More than once recently, I have closed a just-finished book and signed dramatically, saying something along the lines of, "Best book ever," or "That was so incredible that I am afraid to begin anything new since it cannot possibly live up to this one," or "From now on, I will only read the best literature available because life is too short to read anything not on caliber with this author."
It is a glorious problem to have, of course, and happens more often now because I collect book recommendations from people who know of what they speak, and I read reviews like my life depends on it. If it were not for the library and their willingness to truck in books from all over the state upon request, I would go broke.
As it is, there are a few book subscription services that I have contemplated joining (namely Book People Trust Fall and Indiespensable - mostly because those two send out such phenomenal books), but I am put off by both the cost and the clutter that would ensue. I just do not have much interest in collecting signed first editions with slipcases (as with Indiespensable) and typically pass on just-finished books to the very next person I see. Instead, I tend to visit the websites of each of those services and fill up my reading list with the newest titles in their subscriptions.

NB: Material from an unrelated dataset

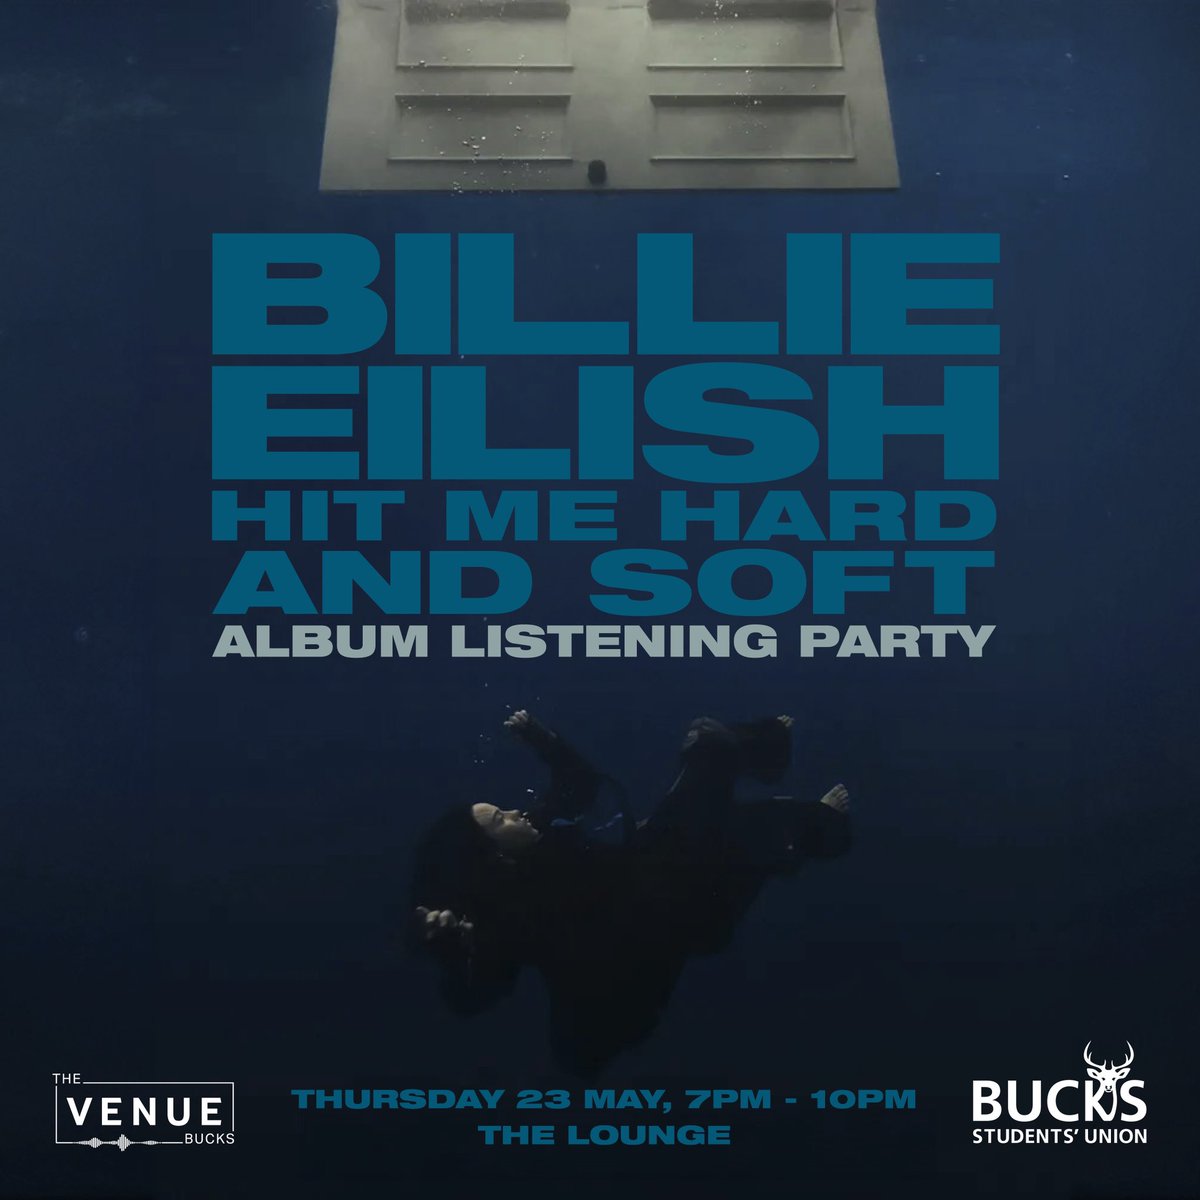 Calling all Billie Eilish fans 📢 One night dedicated to her brand new album ‘Hit Me Hard And Soft’ 😍 With great music, snacks and unbeatable drinks deals, where else would you want to listening to it? 📅Thursday 23 May ⏰7pm - 10pm 📍The Lounge

I know they curate these subscription boxes to make money, so it seems a bit cannibalistic of me to then take the title and put it on hold at the library instead of supporting the independent bookstores from which I obtained the title, but I read at the rate of approximately 50-60 books per year, and money doesn't exactly grow on trees...
Today I am linking up with Modern Mrs. Darcy to share short and casual snippet-like reviews of the books I have read over the past month.
Pretty Girls is straight-up psychological thriller stuff, the kind of book you might pick up at the airport and take to the beach, but I do not mean that in a derogatory way. Karin Slaughter is an absolute master in this genre, and her novels never disappoint. As always, the characters are flawed and well-drawn, and the setting itself seems part of the story. This one takes place in Athens, GA (where I live) and it is spectacularly eerie to see the streets, restaurants, and bars that are *my* stomping ground used as the sites for these (fictional) events. The plot is centered around the disappearance of a college student in 1991 (when I was a student at UGA), though it takes place 20 or so years later, and it has all the elements of a good suspenseful page-turner. As with many books of this type though, the highly sensitive reader might not be able to stomach the violence.
The Thirteenth Tale reads like a love letter to bookworms. The novel is, in fact, a story about a story, and though there is suspense, it is nearly secondary to the characters and to the setting. I lost myself in this glorious book, and walked around in a daze when it was over. To say more would be to spoil the depth and the magic.
Ann Patchett is in top form with Bel Canto, a novel in which a large party of diplomats, politicians, and corporate heads (and one world-renowned, beloved soprano) are taken hostage by a group of terrorists. The entire action of the book takes place within the walls of the compound (somewhere in South America), and though the story is told from many different points of view, never is the reader given a glimpse of what is going on in the outside world. The hostages and the terrorists are bound together by proximity and by their own humanity during the months-long standoff, and while the story appears light-hearted through much of the daily goings-on, there is a sense of urgency as the book comes to a close and the reader is tormented with the sense that each and every one of the characters cannot possibly ride off into the sunset.
The Art of Memoir is a master class in both writing and reading the memoir genre. Karr has written three top-notch memoirs of her own, and heads an award-winning graduate seminar at Syracuse on, you guessed it, the art of writing memoir. The first part of the book was a little slow, but it didn't take long before it was so engrossing that it became hard to put down. The author takes apart and analyzes both well-known and obscure memoirs, and even spends a lot of pages (so many pages) writing about her own process of writing about herself. Were she anyone else, this might seem self-serving or cringe-inducing, but as she is a phenomenal writer in her own right, it made me want to go back and re-read her earlier books. At the end is a fairly exhaustive list of memoirs which has turned my library hold list into a behemoth. The book may sound a little dry, but if you have any interest in writing (whether memoir or not), the insights are invaluable. As well, reading this has changed the entire way I read and think about autobiographical works. Highly recommend for those who want to hone their own writing, who enjoy reading, and/or who would like to better examine their own life.